At the recent Millennium Development Goals summit held at the United Nations, the Prime Minister of Bhutan, Jigmi Thinley, invited the participants to include a 9th MDG: “Happiness.” Bhutan is famous for its “Gross Domestic Happiness” index and everyone I know who has visited Bhutan have returned with stories of its profound natural beauty and the peacefulness of its people.
I wonder, though, can you actually make happiness a goal? It is written right into the Declaration of Independence: life, liberty and the pursuit of happiness. We’re conditioned to believe acquiring happiness is our birthright and a goal to be achieved. So we set out armed with our parentally-approved happiness plan (good grades, perfect attendance and certainly an Ivy if you can get it) and a full tank of ambition.
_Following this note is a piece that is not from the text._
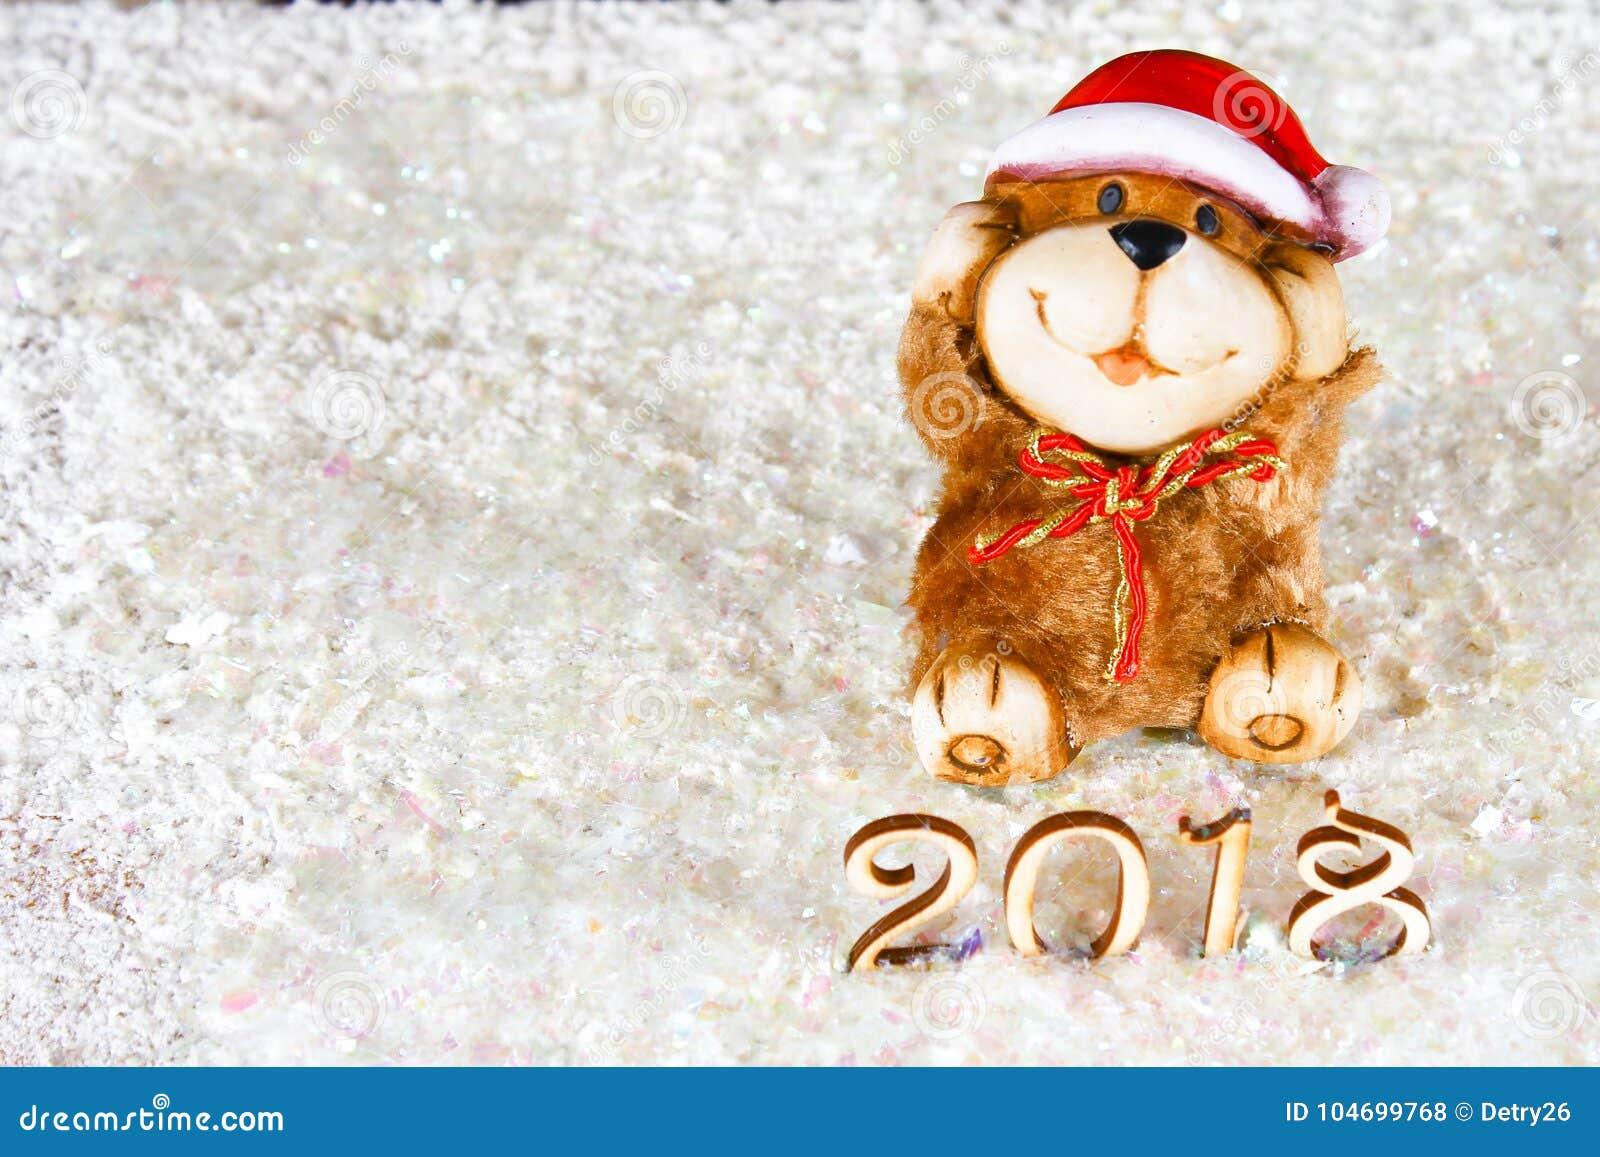 noel 2018 a la neige Chiffres En Bois De 2018 Sur La Neige L'atmosphère De Noël La  noel 2018 a la neige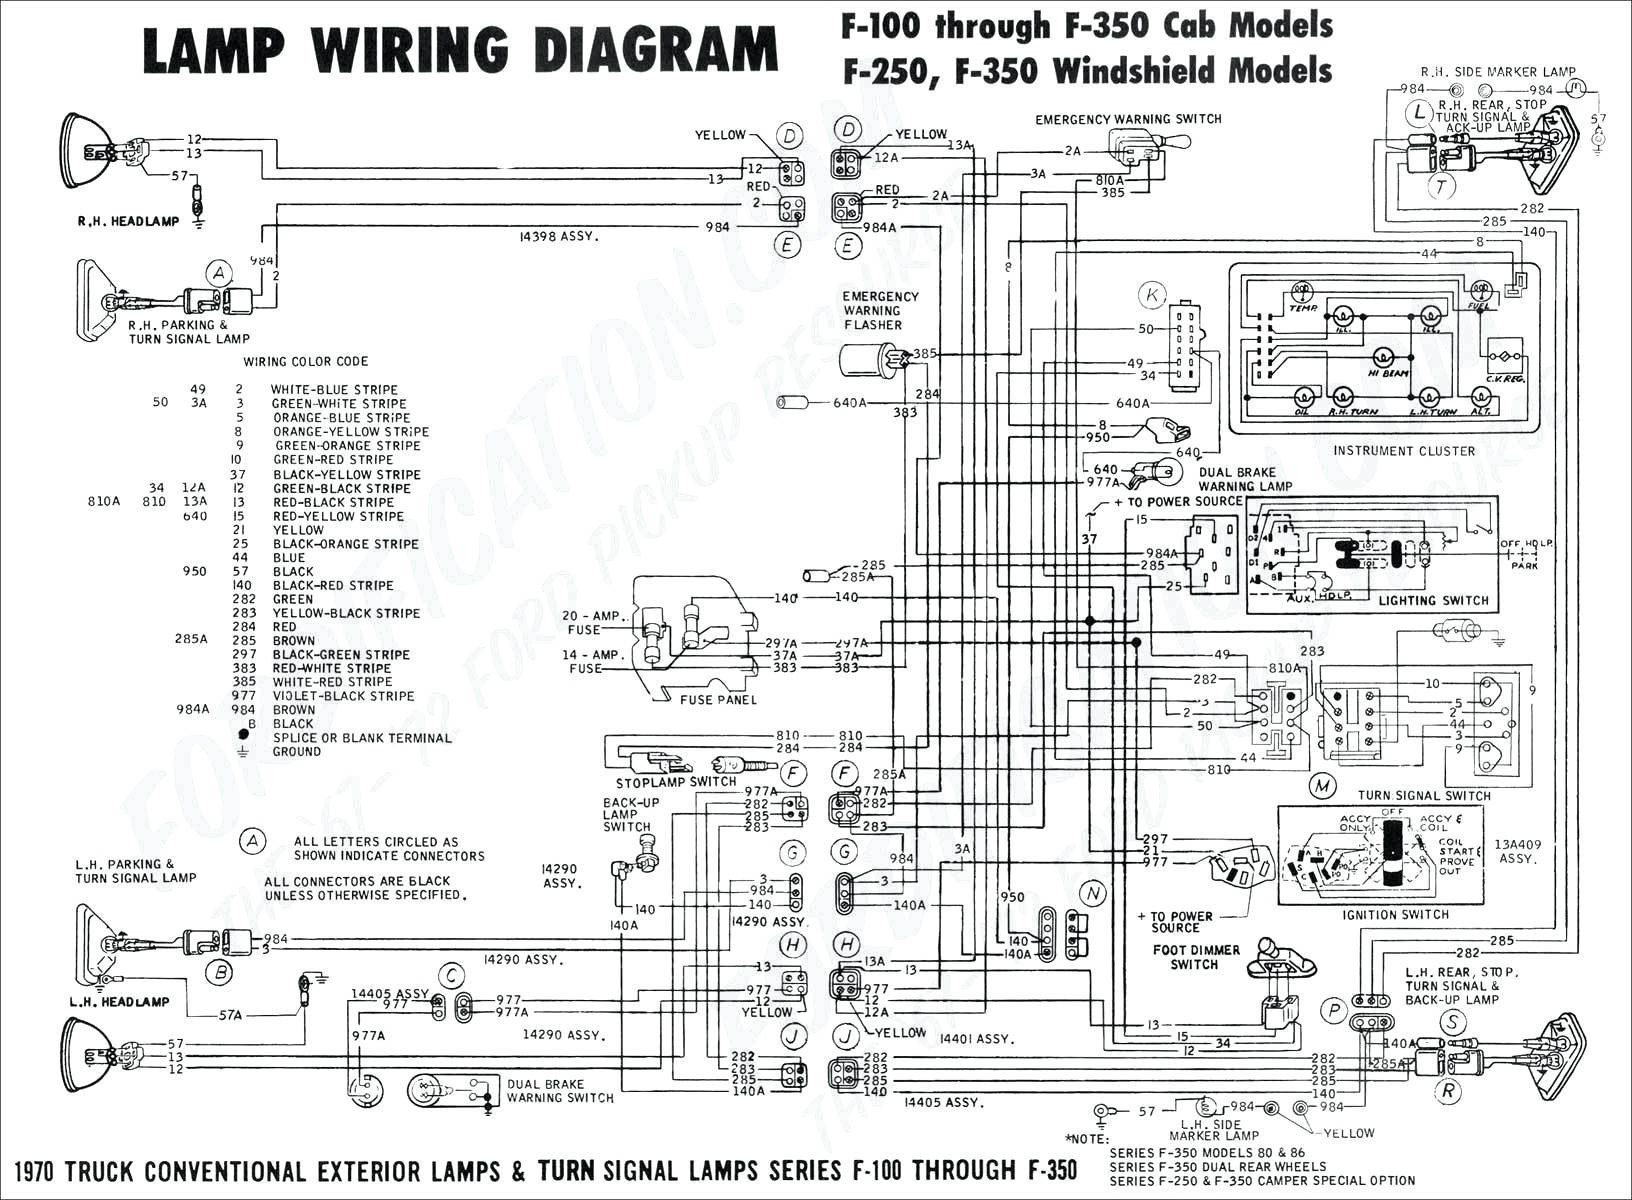 2002 Chevy Tracker Engine Diagram Engine Wiring Lucas Ignition Switch Wiring Diagram Of 2002 Chevy Tracker Engine Diagram

During a little star-gazing this summer with my stepdaughter, Abby told me she really wanted to see a shooting star. Her anticipation of the happiness she would feel at that sight was palpable, as if the sky itself, just as it is, isn’t already completely beautiful and awesome.
I submit, and I am sure Prime Minister Thinley would agree, we’re already happy. All of us. That happiness doesn’t lie outside of us – somewhere down the road. It’s here for the seeing. And here’s how this slight twist of the point of view knob can turn the dial up on your fundraising (or life for that matter) experiences.
On a phone call with a board member or over a cup of coffee with a colleague, find beauty in the most routine and ordinary of tasks. This opens us to the experience of happiness right here and right now. It rewards us with a sense of joy and gratitude for the opportunity to do our work and for the lives we are already living.
It’s surprising how often people are unaware of the depths of meaning and joy in their own lives and work. This is especially true in fundraising, a profession rife with burnout and frustration. How easy it is to lose the larger significance of the work we’re doing when we focus on it as a goal. We become distracted by pragmatic concerns, time pressure and fatigue. We become blinded by cynicism, numbness and perfection.
Of course, our lives and work are full of meaning and joy any way. We just miss it, when we are looking “out there.” Finding happiness and satisfaction isn’t about doing anything different. It’s about seeing and experiencing the familiar in new ways.
Bhutan has scant material resources but spectacular natural beauty. And happiness. Because that’s how they see it.